What is behind experimental function: FindFormula?

The Experimental function FindFormula[] at the moment is using a combination of different methods: it combines non linear regression with Markov chain Monte Carlo methods (e.g. Metropolisā€“Hastings algorithm). In the future (possibly in V$10.3$) there will be an option allowing the user to choose which method to use.

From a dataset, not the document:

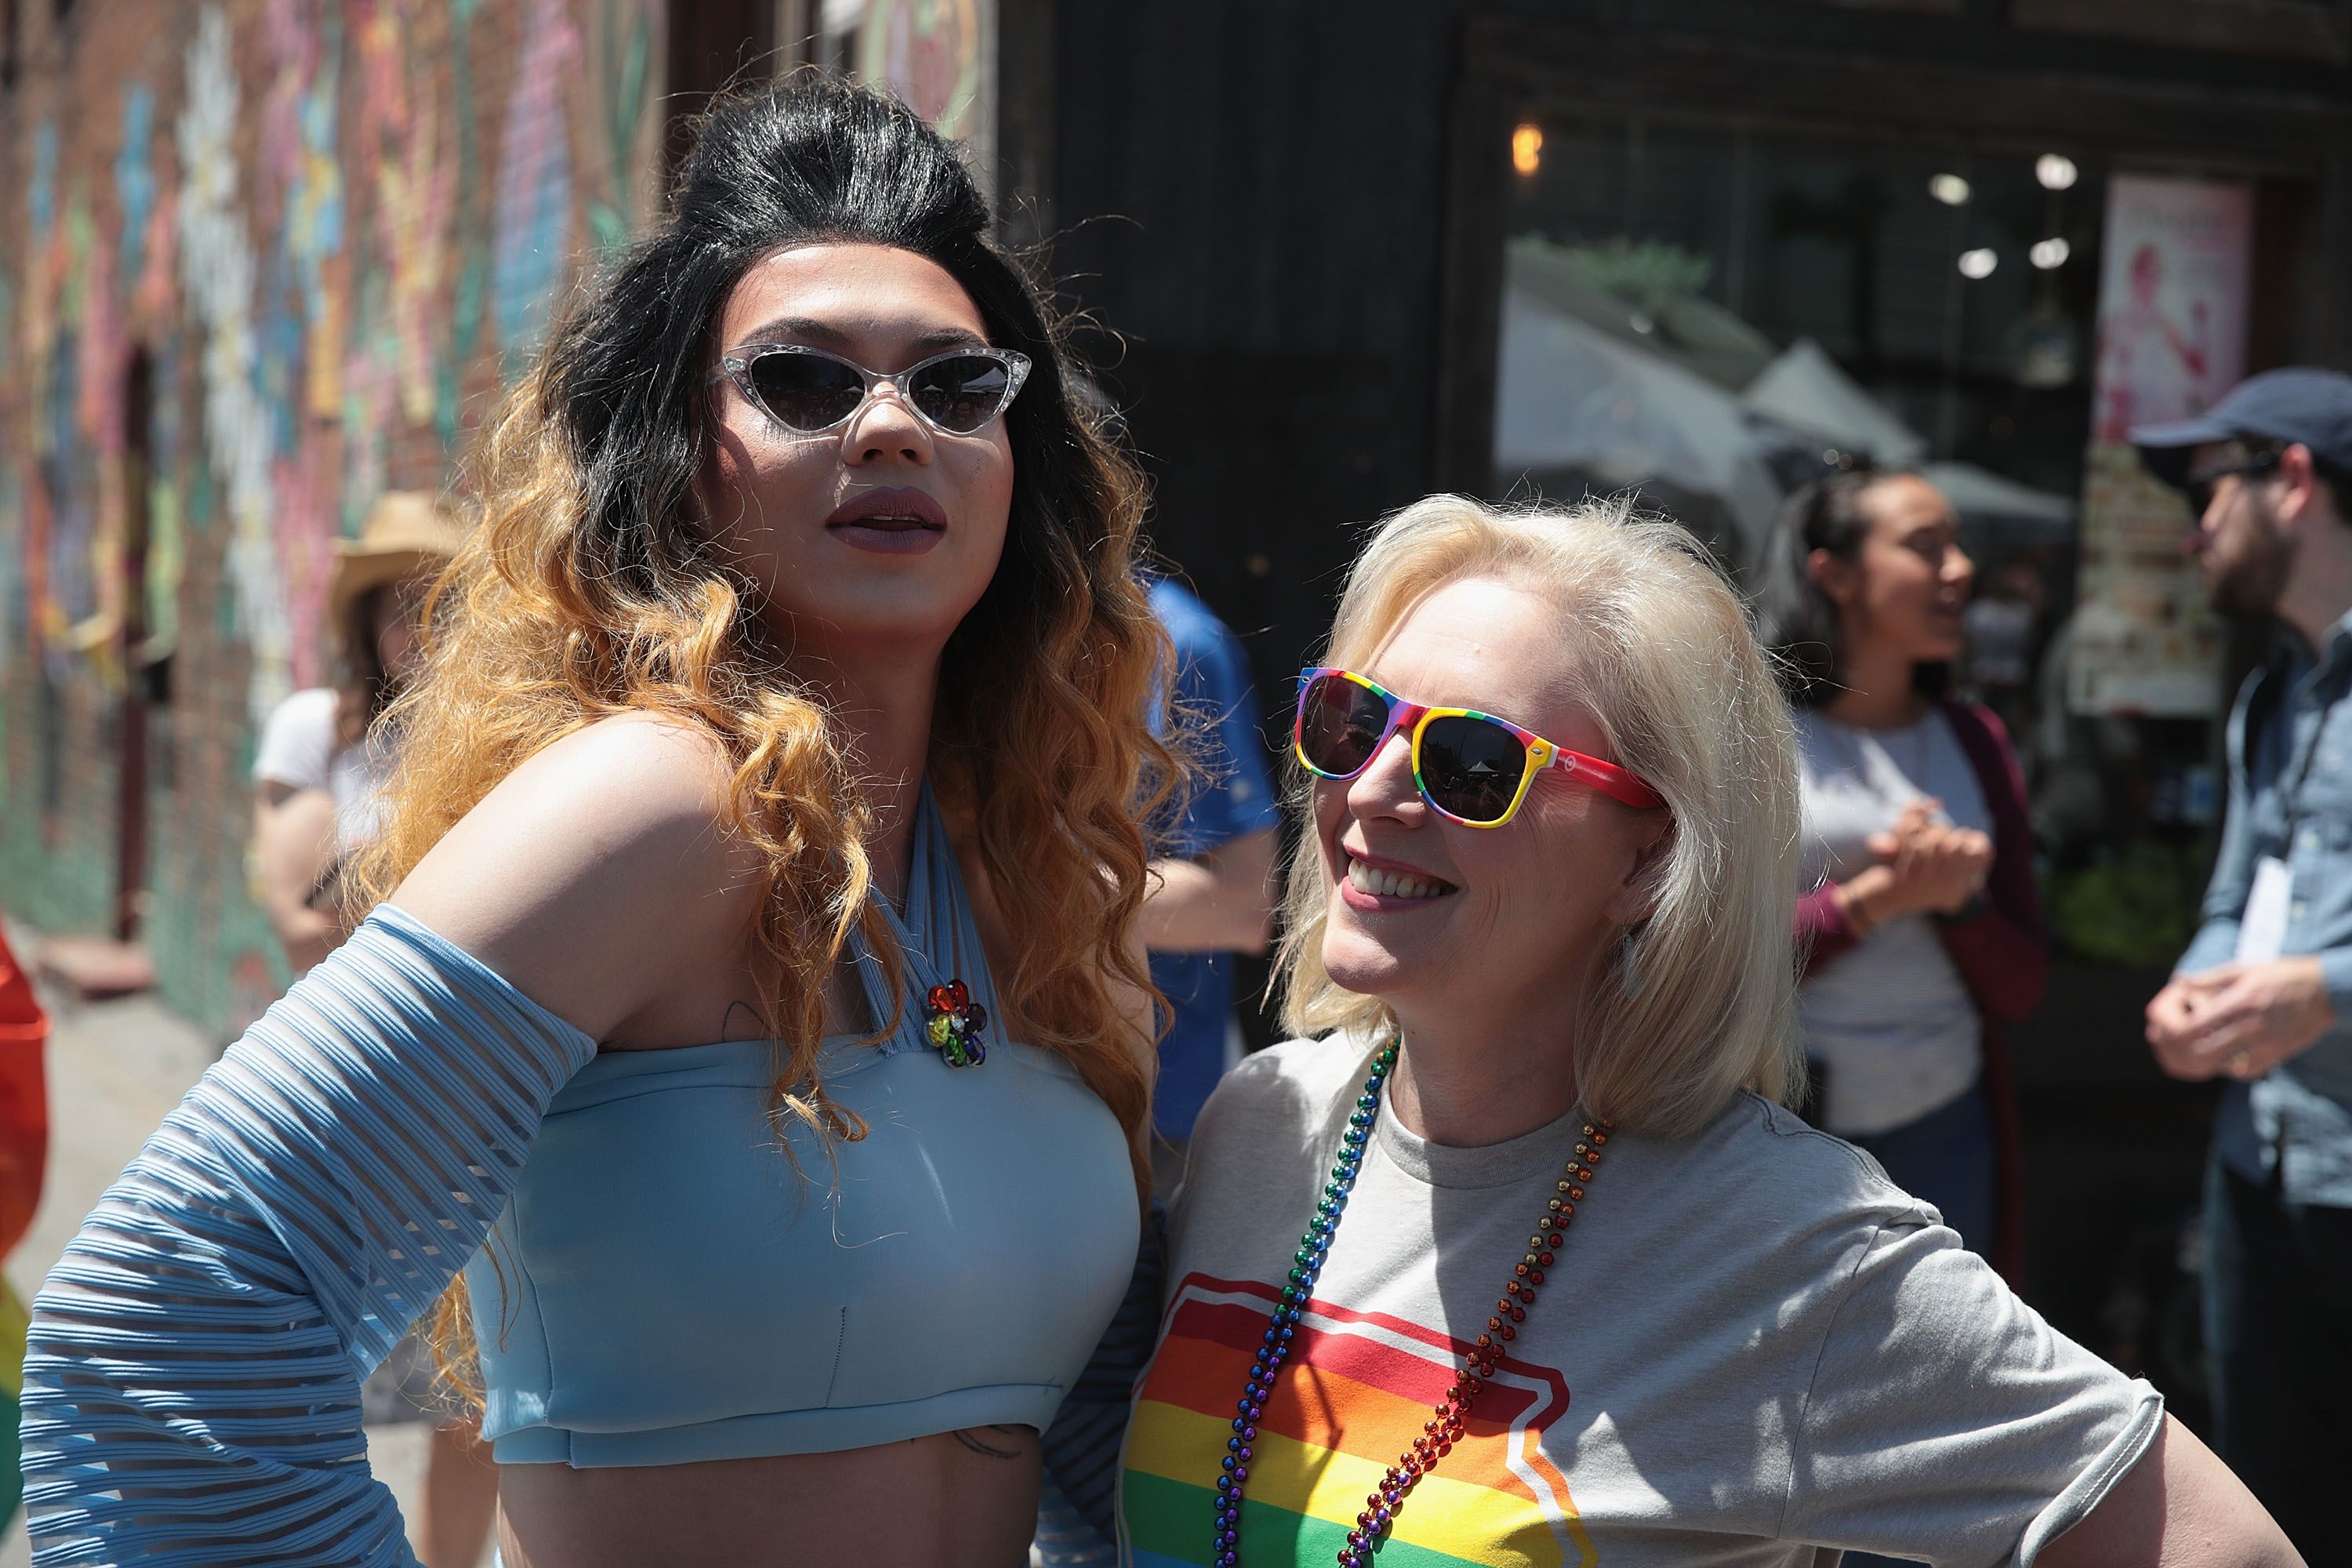 Democratic presidential candidate and New York senator Kirsten Gillibrand (R) tours the Capital City Pride Fest with drag queen Vana Rosenberg on June 08, 2019 in Des Moines, Iowa.

I doubt that this is very robust. Consider a simple change in the DE example in the Documentation:

sol = y /. NDSolve[{y'[x] == y[x] Cos[x], y[0] == 2}, y, {x, -5, 300}][[1]];
times = N[Range[-5, 600]/9];
data = Transpose[{times, sol[times] + RandomReal[0.05, Length[times]]}];
lp = ListPlot[data, PlotRange -> All]

Now

FindFormula[data, x, 1, TargetFunctions -> {Exp, Sin, Cos}]

thinks the best solution is 2.27414 Sin[x] + 2.5479. Whereas a much better solution, obviously compatible with the selected TargetFunctions, is 2 Exp[Sin[x]].


The following reveals definitions

<< GeneralUtilities`
PrintDefinitions@FindFormula

As usual one can click the symbols to find definitions of functions "further down". It should also be noted that FindFormula is listed in the Machine Learning guide, which corresponds to symbol names like SymbolicMachineLearning`PackageScope`ImputArgumentsTestFindFormula shown further down by PrintDefinitions.